Ah, a sunny day, at last. Crocuses are daring to lift their heads again and the snowdrops are trembling in the breeze. Spring, if not quite here, isn’t far away.

And to celebrate it, I’ll be running a Sunday morning workshop, with Rachel Cross of Calm In the City  on 25th March, from 10am – 1pm, at The Yoga Tree in Norwich. All details above.

This will be a chance to have a creative morning, exploring your hopes and desires for Spring and Summer, using meditations and yoga with Rachel, and inspiring exercises from me.

We’ll be conjuring up our dreams, and getting busy with scissors and glue to make a mini vision board to remind us of our intentions for the new season.

It’s a small group, so please book early, either by contacting Rachel via the details above, or by emailing me using the Contact Form on this site.


Reinventing Retirement [video]


Brilliant – I have managed to complete one of my resolutions for this year in the nick of time! I’ve been wanting to add video to Beyond 60 ever since it was born, but the challenge has been considerable.

To be honest, it took 6 months to purchase a tripod, and another two (and some help) to work out how to open and adjust it. Then it was a plunge into the mysteries of iMovie, and from there YouTube, clicking and cursing my way to getting the darned thing edited and uploaded. Machines and I do not get on…

Not to mention the whole business of recording a video – those moments gazing in horror at my first efforts – do I really look like that? Sound like that?

Seems I do, and as there is never any point in going for perfection, so this rendering will hit the spot just fine.

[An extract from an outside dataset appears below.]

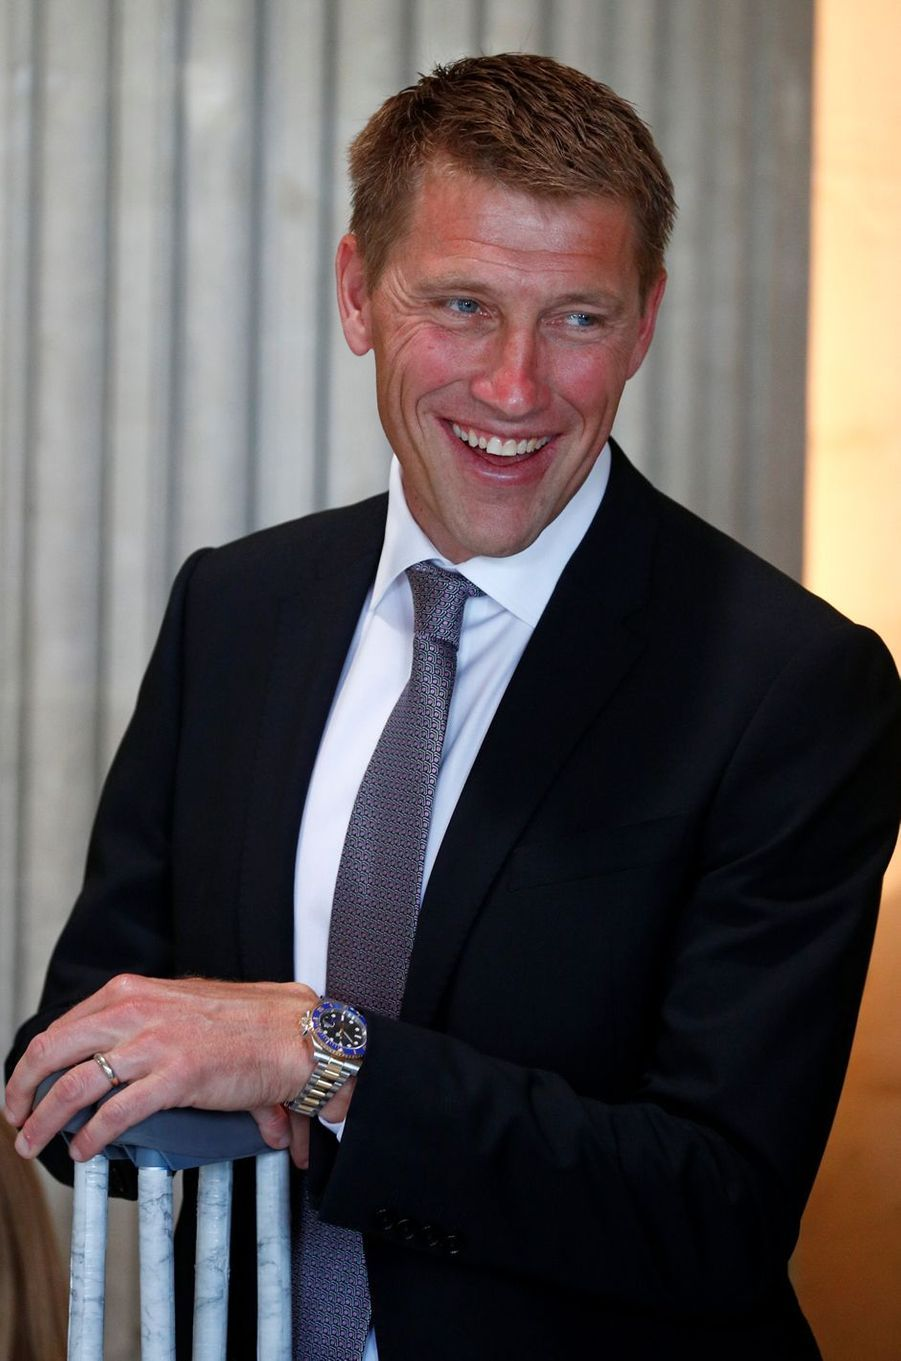 Axel, le fils d'Eddy Merckx, à Bruxelles le 5 juillet 2019

Welcome to my little video. I hope you’ll enjoy all 1 minute and 5 seconds of it, and if you’re in or near Norwich, you’ll be interested in coming on Reinventing Retirement, which is going to be a whole LOT of fun! If you’re tempted, do book now, as 19 January is not far away…



Reinventing Retirement

Isn’t it time that retirement was reinvented? The very word, ‘retirement’, has such echoes of stepping out of the mainstream of life, into the slippers of decline.

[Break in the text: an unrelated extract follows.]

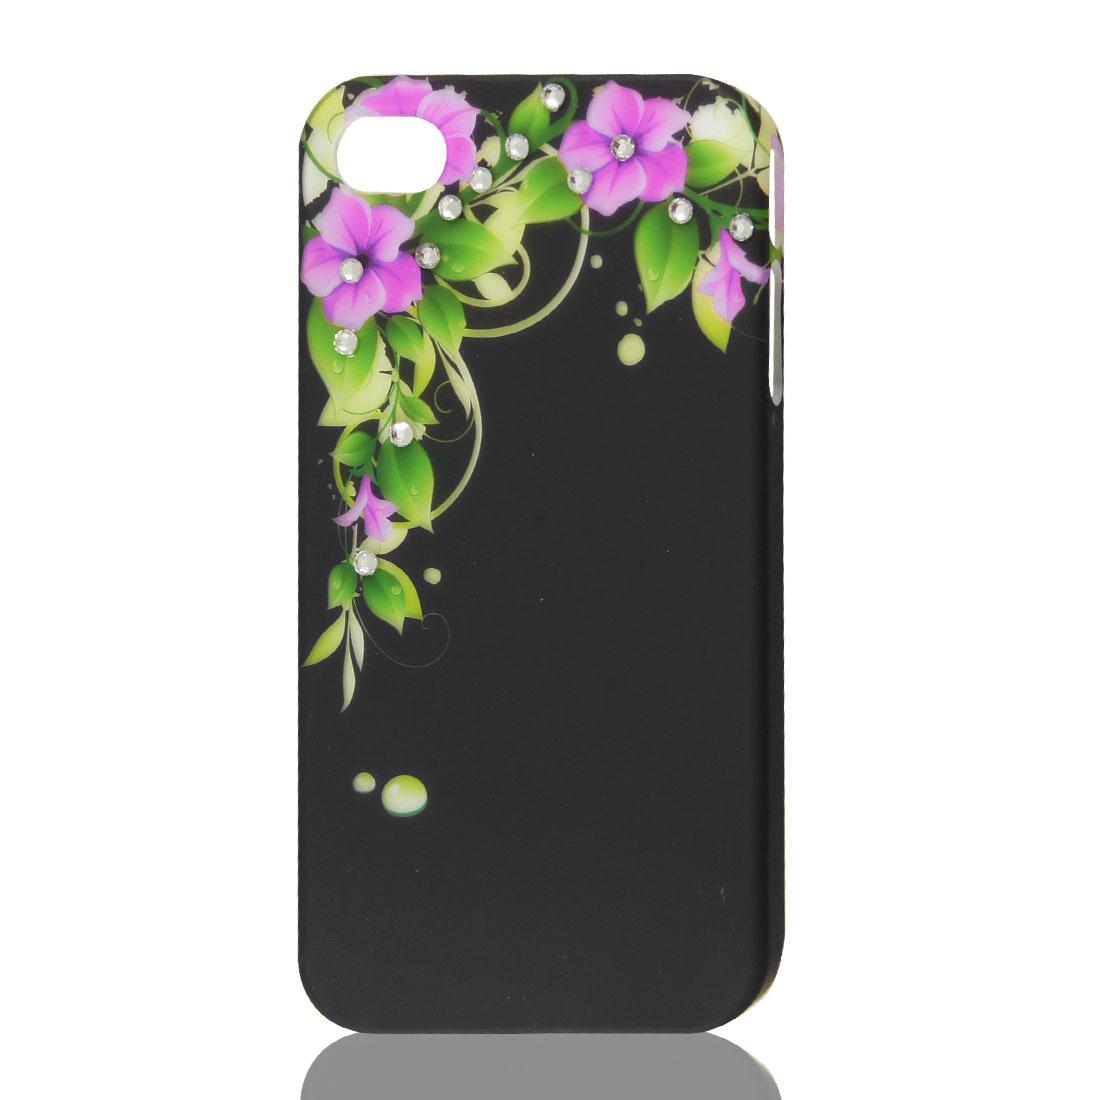 Black Glitter Rhinestone Flower Hard Back Case Cover Protector for iPhone 4G

I’ve never wanted to define myself as retired,  and tell people that I’m ‘on open-ended sabbatical’.  Sounds like more fun, eh?

So many people I’ve talked to lately are mulling over their options for life with less work. Stop completely? Carry on part-time? Do something else that looks like work? Or looks nothing like work? Go on a jag of volunteering? Invent a totally new way of being? Bits of all the above?

It’s confusing, interesting, exciting!

The question underlying all that mulling, is this: Who will I become, when I’m no longer Working Me?

This 6-part course sets out to explore that question, and many more.

Starting on Friday 19 January 2018 we’ll meet monthly at the Yoga Tree in Norwich to play with ideas, using all sorts of ways into and around the big questions that come with this new phase of life that is so, so full of potential.

Intrigued? Then please, join us. I’d love to see you there. All details are on the flyer above.

What Is Your Next Big Thing?

That’s my question today, to you and to myself. What is the next big thing?

Early Morning Influences

I’m inspired to ask this, by two influences that have crossed my path already today, and it’s not even 11am!

First, was finishing Birdcage Walk, the final novel of that most poetic and insightful of writers, Helen Dunmore, who died earlier this year aged just 64.

The book focuses on what a person leaves behind, and asks what traces remain of an individual lifetime?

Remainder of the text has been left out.